The BMW Group is using robotics and AI to address this logistical challenge and support three amazing outcomes at its factories:
- BMW Group produces 10,000 cars every day. The company offers 40 car models with an average of 100 different options per car resulting in thousands of different possible configurations.
- BMW Group’s logistics takes in 30M parts per day from 1,800 suppliers across 31 factories. 230,000 part numbers are organized into trays to produce 10,000 build-to-order cars every day.
- BMW Group’s production line produces one car every 56 seconds. The line runs non-stop and can produce up to 10 different cars in any sequence, with parts arriving exactly when and where they’re needed.
The Device Chronicle interviewed the leading experts on the project: Michael Schmidt, General Manager Digitalisation Production System – Shopfloor, and Carolin Richter, Group Leader Innovation and Digitalization, BMW Group.
Setting out the platform strategy
Michael leads the strategy and implementation of digital production in production and on the shopfloor at BMW Group. He begins this article interview by describing how the use of platforms from cloud to edge is the whole strategy for both operational technology (OT) and IT. He says that “The edge of computing is where we need to have real time communication from the robots and production units to the overlaying systems.” He adds that the trend is moving to more universal production units: where there are hardware systems where the hardware skills are found, and applications where the software skills are found. Software can be much more flexible than the hardware systems.
Michael continues to outline what the objective and challenge has been for his group: The objective has been to perform additional digitalisation tasks in pre-existing production units in order to increase product quality and production efficiency. This is the overlaying main goal of all our efforts. For the last two to three years, the team has been focussed on integrating new products such as digital cameras, GPUs (graphical processor units), and other small embedded devices into the production line.
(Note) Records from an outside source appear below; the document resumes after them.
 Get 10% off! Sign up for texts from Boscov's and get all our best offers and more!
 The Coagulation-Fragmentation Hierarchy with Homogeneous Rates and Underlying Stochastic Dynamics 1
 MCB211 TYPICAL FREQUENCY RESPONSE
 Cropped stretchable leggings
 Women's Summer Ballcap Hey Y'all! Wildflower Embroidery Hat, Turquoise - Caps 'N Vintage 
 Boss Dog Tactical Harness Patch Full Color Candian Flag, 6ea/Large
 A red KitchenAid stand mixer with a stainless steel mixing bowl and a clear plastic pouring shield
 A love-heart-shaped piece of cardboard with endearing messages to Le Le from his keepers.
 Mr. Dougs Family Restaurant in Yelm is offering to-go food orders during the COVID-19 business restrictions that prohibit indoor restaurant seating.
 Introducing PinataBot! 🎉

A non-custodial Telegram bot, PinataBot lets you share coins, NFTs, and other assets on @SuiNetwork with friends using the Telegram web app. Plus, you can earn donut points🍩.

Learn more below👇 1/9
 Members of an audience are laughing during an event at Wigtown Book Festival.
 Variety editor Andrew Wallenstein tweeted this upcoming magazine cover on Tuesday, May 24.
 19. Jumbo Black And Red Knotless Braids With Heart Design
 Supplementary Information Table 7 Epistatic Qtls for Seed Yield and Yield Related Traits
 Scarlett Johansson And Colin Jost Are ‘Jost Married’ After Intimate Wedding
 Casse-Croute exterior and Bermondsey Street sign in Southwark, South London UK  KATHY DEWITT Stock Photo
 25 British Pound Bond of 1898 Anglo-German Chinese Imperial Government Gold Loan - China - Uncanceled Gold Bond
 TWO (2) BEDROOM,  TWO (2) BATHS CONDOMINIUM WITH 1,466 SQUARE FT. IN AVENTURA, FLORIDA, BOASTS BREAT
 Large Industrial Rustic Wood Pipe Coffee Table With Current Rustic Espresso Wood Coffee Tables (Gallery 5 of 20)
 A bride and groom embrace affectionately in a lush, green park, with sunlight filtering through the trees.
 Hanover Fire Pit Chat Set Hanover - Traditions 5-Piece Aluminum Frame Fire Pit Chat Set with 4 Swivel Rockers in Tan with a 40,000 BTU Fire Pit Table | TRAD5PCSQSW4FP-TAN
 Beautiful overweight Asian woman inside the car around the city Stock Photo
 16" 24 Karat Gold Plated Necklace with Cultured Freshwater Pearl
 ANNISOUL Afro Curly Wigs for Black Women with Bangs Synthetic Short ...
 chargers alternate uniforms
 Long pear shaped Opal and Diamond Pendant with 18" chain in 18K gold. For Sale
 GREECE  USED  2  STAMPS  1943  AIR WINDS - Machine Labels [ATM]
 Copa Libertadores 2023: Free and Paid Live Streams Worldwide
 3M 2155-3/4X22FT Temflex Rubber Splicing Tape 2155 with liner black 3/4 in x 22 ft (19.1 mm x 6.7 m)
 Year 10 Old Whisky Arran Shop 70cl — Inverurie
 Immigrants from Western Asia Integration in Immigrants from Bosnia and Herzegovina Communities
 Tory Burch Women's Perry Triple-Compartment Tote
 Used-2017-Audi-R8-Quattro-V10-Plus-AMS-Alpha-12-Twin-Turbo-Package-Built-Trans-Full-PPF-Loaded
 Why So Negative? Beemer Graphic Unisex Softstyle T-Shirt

Michael describes two very important things that they want to achieve: one is to perform effective central management of a large number of edge devices. This will ensure cybersecurity protection, and robust firmware patching, application patching, and finally device replacement where needed. For the latter, Michael says “The maintenance person should be able to exchange the device locally, while the software and applications configuration of the new box should all be done centrally. The application app store supplies apps to the devices. Michael adds “The edge devices connect to the peripherals and we want to establish the edge as a virtual device in the data center which is located near to the production plant.”
Applications for AI
Michael continues by describing two specific applications where AI is used in BMW Group production: in the first one, there are quality checks in which a set of self-learning algorithms utilize cameras to acquire precise information on quality. This approach offers significant improvements in detail recognition, over that which can be achieved with standard picture recognition systems. The picture gets labeled, recognises different situations and light effects, and can get feedback constantly on the actual quality status of the car. The second one is for predictive maintenance where “simple” AI models are used. Michael explains that “The learning has been that if there are too many parameters in the algorithm then the goal of the use case will not be reached.”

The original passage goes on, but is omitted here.